Ian Wilkes, a writer for ArsTechnica.com and apparently a former employee of Linden Labs, has just written a good article on how one should approach large systems design for applications that scale quickly.  While there’s little real technology discussion in the article, it underscores that the team, the development philosophy and the deployment method are all just as important as the technology.

A few years back, I had a similar experience with a company that I was working for as their application scaled to higher usages.  At this company, we were adding clients left and right.  Initially, the system was designed to implement a series of jobs on a job server that compiled data daily for their clients.  Over the year that I was there, the job stream for each client grew in complexity and the clients grew in number.  We were scaling in two directions at once.  Small errors that were handled by an on-call person once or twice a night, turned into all night affairs quickly.  Management didn’t listen to the cries of the developers, the same people that served on-call duty.  On-call became a dreaded nightmare because you were expected to work a full week and be on-call for the week.  80 – 90 hour weeks ensued with little to no sleep between pager rings.

It wasn’t until I implemented a simple system that captured the state of the job server nightly, that we began to see the full breadth of the problem.  All the developers knew we had a growing problem but we couldn’t quantify the problem to management so it was perceived as nothing but complaining for the sake of complaining.  We grew from 10,000 jobs to over 25,000 jobs while I was there.  The system continued to grow to over 40,000 jobs after I left.  On day one, we were operating at about 99% efficiency each night.  99% of our jobs would finish without failure.  The other 1% required input from an operator or the on-call person.  1% of 10,000 is 100 jobs every night that failed.  About 95% of those jobs simply needed to be restarted leaving 5 issues that needed to be solved nightly.  Not bad considering the code was decades old.  It didn’t scale.  As 10,000 jobs became 20,000 jobs we increased our total number of failures and then began to see load issues on the same servers that caused even more failures.  The web application that I built made it painfully obvious just how bad our system was performing because it charted failure rates on a daily basis and painted 99% or less reliability red, 99.1% – 99.9% yellow and 99.91% or more green.  Only when presented with lots of red numbers, did management figure out that something needed to be done.  By then it was too late and I suspect that we lost customers during that time because we couldn’t be attentive to customers needs while fighting fires in our job system.  From what I heard following my time with the company, they eventually achieved reliability in the range of 99.99%, though shortly after that, they architected a new version of the platform on a new software stack that wasn’t instrumented by my web application.  For the sake of their on-call staff, I hope the new architecture included instrumentation.

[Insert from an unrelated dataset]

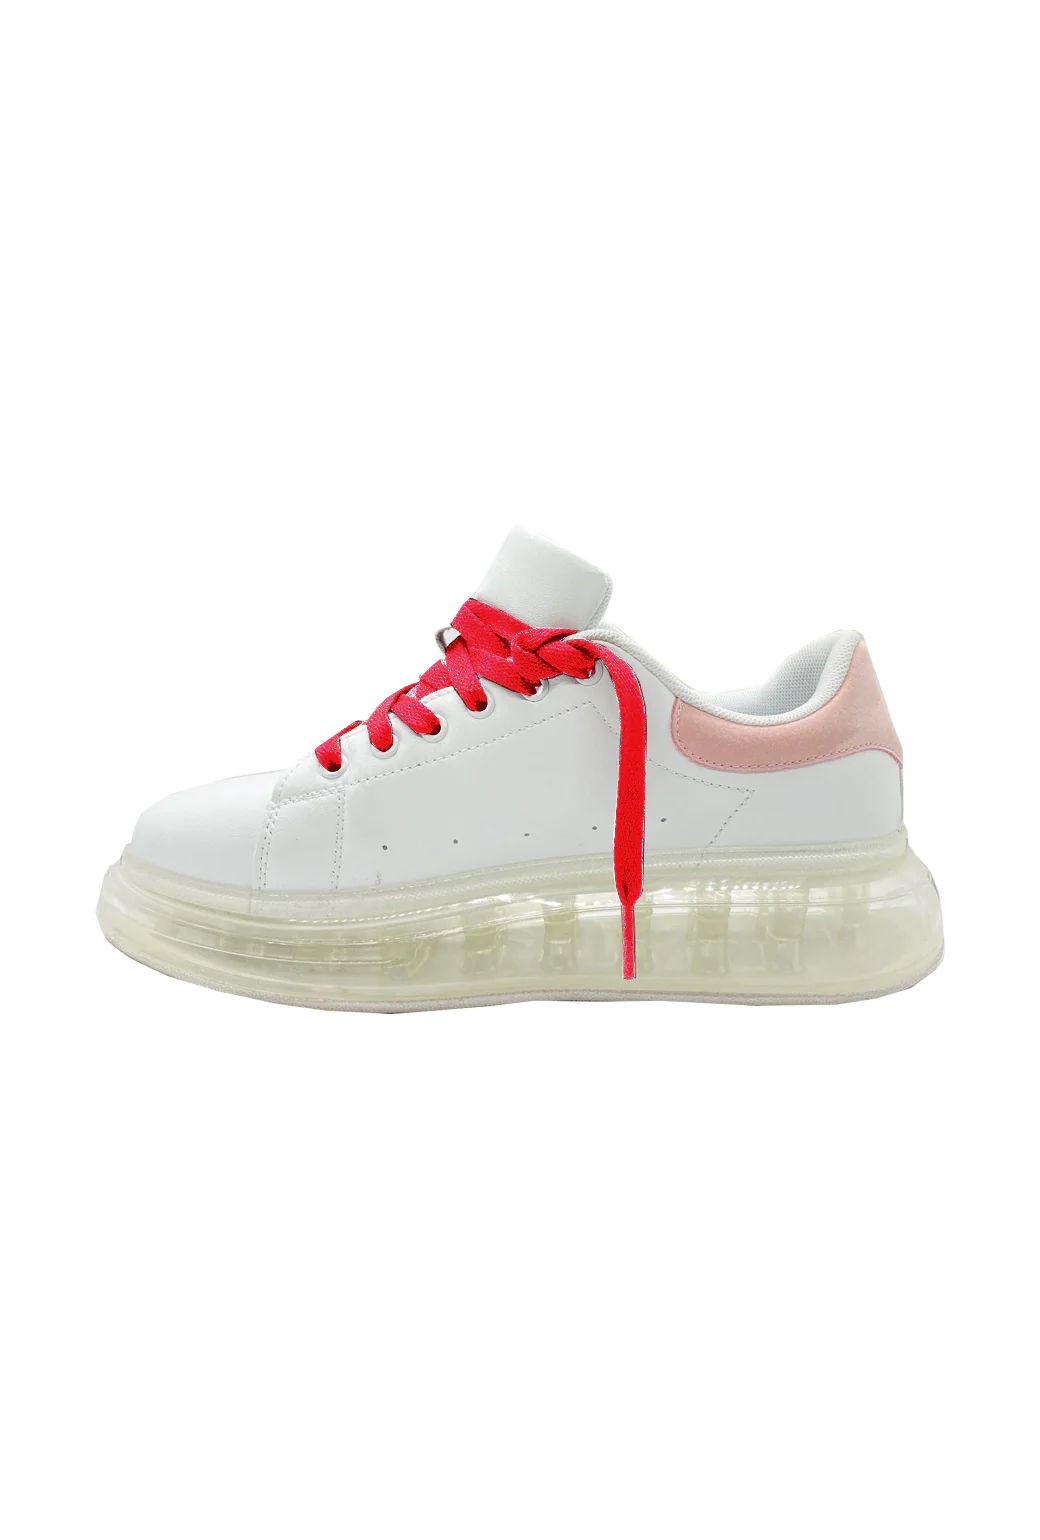 Air Mamas - White with Red Laces - Final Sale | Shop BURU
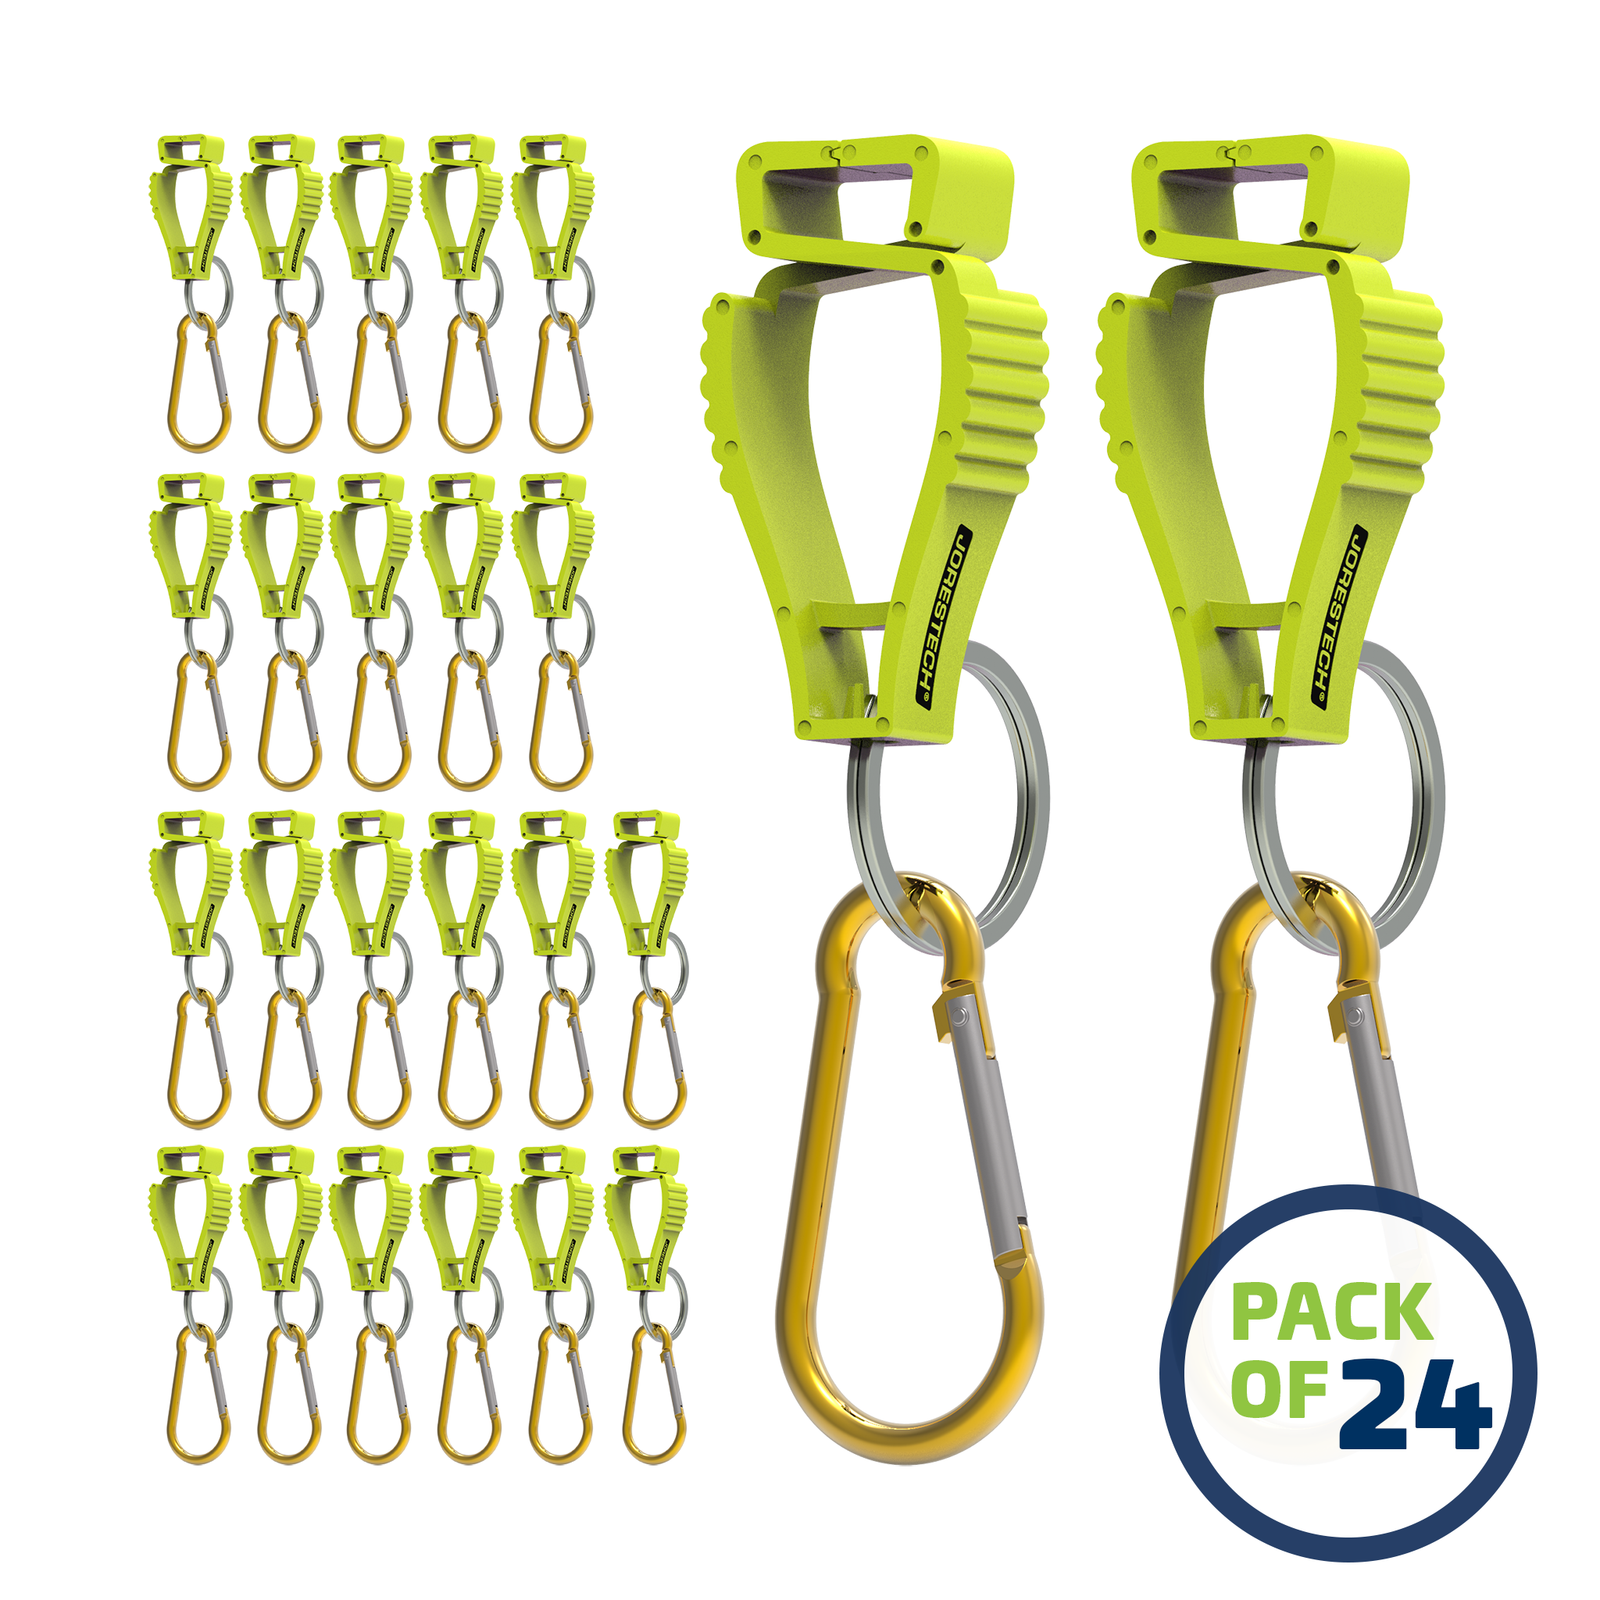 Pack of 24 Lime JORESTECH glove clip safety holders with carabiner

Needless to say, it was the one and only IT job I ever had where I was fired.  In showing the extent of the wounds to the current management, I slit my own throat.  That act was political suicide but I hated working 80 - 90 hour weeks and despised the toll it took on my family.  It was made all the worse because management was focused on selling more clients and didn’t see or care about the problem.  If they cared then their actions never showed it because any mention of improving system reliability was stuffed behind expanding the system for new customers.  I wasn’t getting any sort of benefit from working the extra hours either.  In fact, the company later went on to freeze bonuses during this time.  I learned more about large systems development from that experience than I have in any other position I’ve been in.

So what does this have to do with Ian’s article.  It has everything to do with his article.  It touches on understanding the requirements and the need to ask the question, “How will x new feature impact system load?”  It touches on the need to focus development around error conditions and gracefully handling errors.  Most importantly, it talks about the need to instrument these large systems so that you can keep tabs on how well they are performing.  The company I worked for was a prime example of how a small startup can grow too fast for it’s own good and the incredibly difficult challenge presented to the company’s leadership of leading the company through the scaling process.